Zajicova A; Wilczek H; Holan V. The alterations of immunological reactivity in heroin addicts and their normalization in patients maintained on methadone. Folia Biologica 50(1): 24-28, 2004. (28 refs.)

Drug addiction influences many physiological functions including reactions of the immune system. The higher occurence of infectious and other diseases in drug addicts has been explained by the depression of immunity due to the harmful effects of the drug. To test this assumption, we tested the proliferative responsiveness and cytokine production of PBL from a group of heroin addicts (N = 19), patients maintained on methadone (N = 15) and healthy controls (N = 15). The results show that Con A-induced proliferation of PBL from heroin addicts was even enhanced in comparison with PBL from the control group. Similarly, production of IL-2, IL-10 and IFNgamma was higher in the group of heroin addicts than in healthy controls. The enhanced proliferation of PBL or the increased production of cytokines observed in heroin addicts was partially or completely normalized in the group of patients maintained on methadone. A significantly higher production of IL-6 was found in both unstimulated and stimulated PBL from heroin addicts and patients maintained on methadone, when compared with PBL from healthy controls. The results thus showed enhanced proliferative activity and increased production of various cytokines in heroin addicts and partial or complete adjustment of these alterations in patients maintained on methadone.

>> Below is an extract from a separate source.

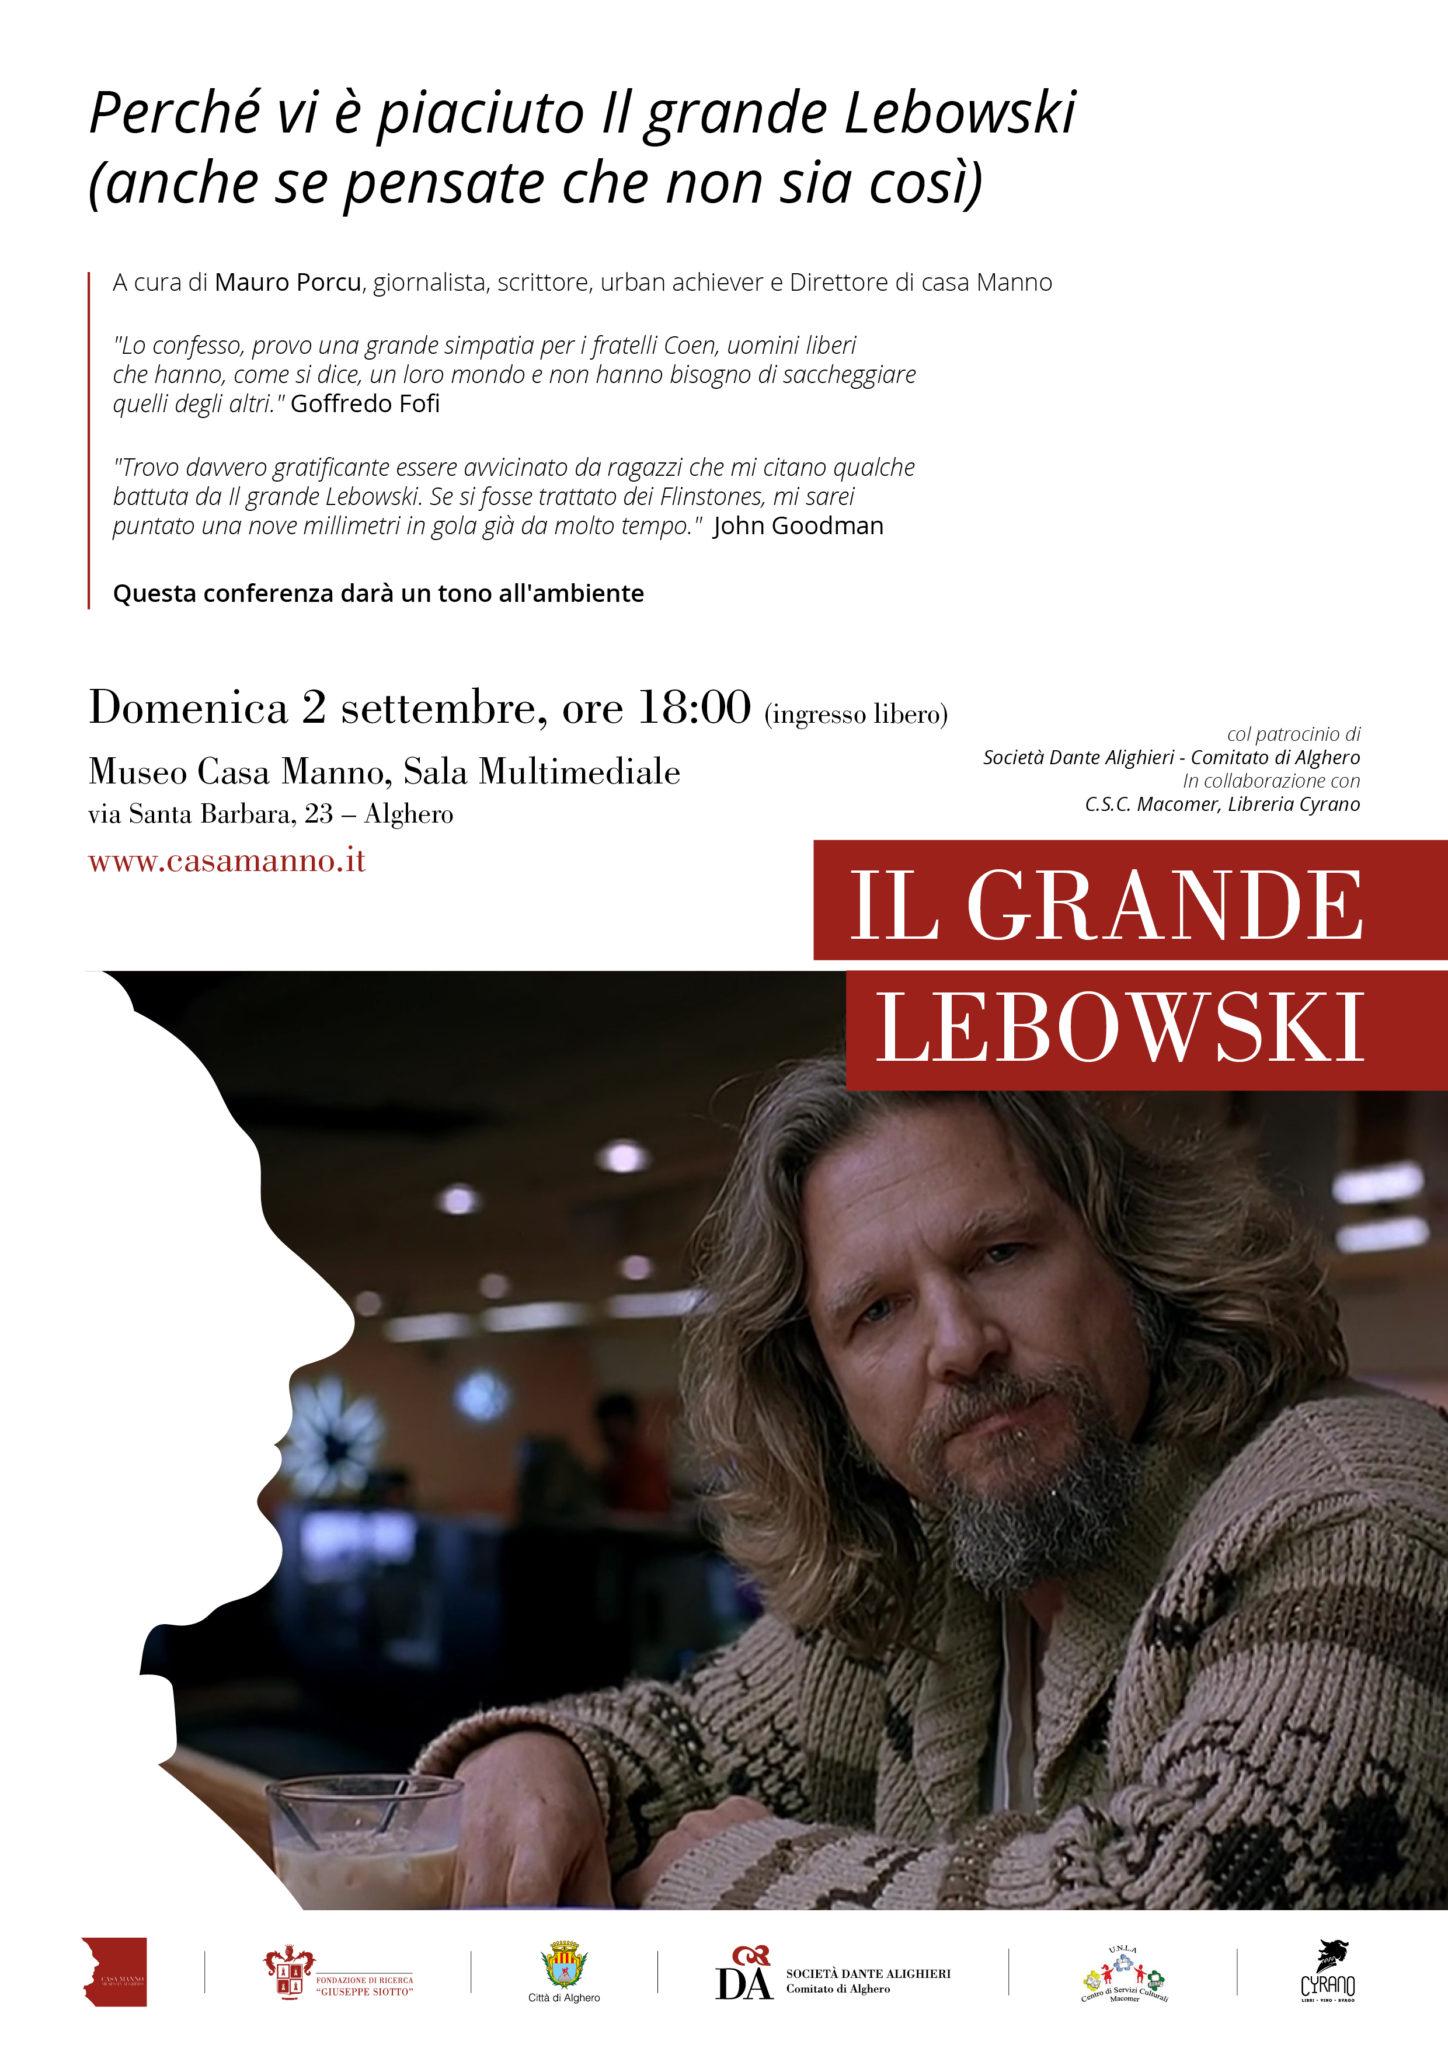 Perché vi è piaciuto Il grande Lebowski Perché vi è piaciuto Il grande Lebowski a cura di Mauro Porcu

Zenda T; Kobayashi T; Miyamoto S; Okada T. Severe alcoholic hepatitis accompanied by Fournier's gangrene. European Journal of Gastroenterology and Hepatology 15(4): 419-422, 2003. (16 refs.)

This case report describes the medical history of a debilitated 62-year-old Japanese man who presented with jaundice and a 3-day history of high fever, genital pain, edema, and marked penoscrotal swelling. The patient had a long history of alcohol abuse and poor diet. Laboratory tests revealed leucocytosis, anemia, marked thrombocytopenia, intense inflammatory reaction and liver injury, renal dysfunction, and malnutrition. Urinalysis showed microscopic hematuria. Computed tomography showed soft tissue thickening of the penoscrotum and diffuse enlargement of the liver. The patient was diagnosed as having severe alcoholic hepatitis concurrent with Fournier's gangrene. Treatment procedures included disinfection of the necrotizing tissue and use of broad-spectrum antibiotics and prednisolone, which produced a successful outcome. The route of bacterial intrusion was not defined, but the Fournier's gangrene is believed to have developed from impaired immunological defenses primarily associated with heavy alcohol consumption and profound liver dysfunction. The potential for life threatening urogenital area infection in alcoholic liver disease patients is discussed.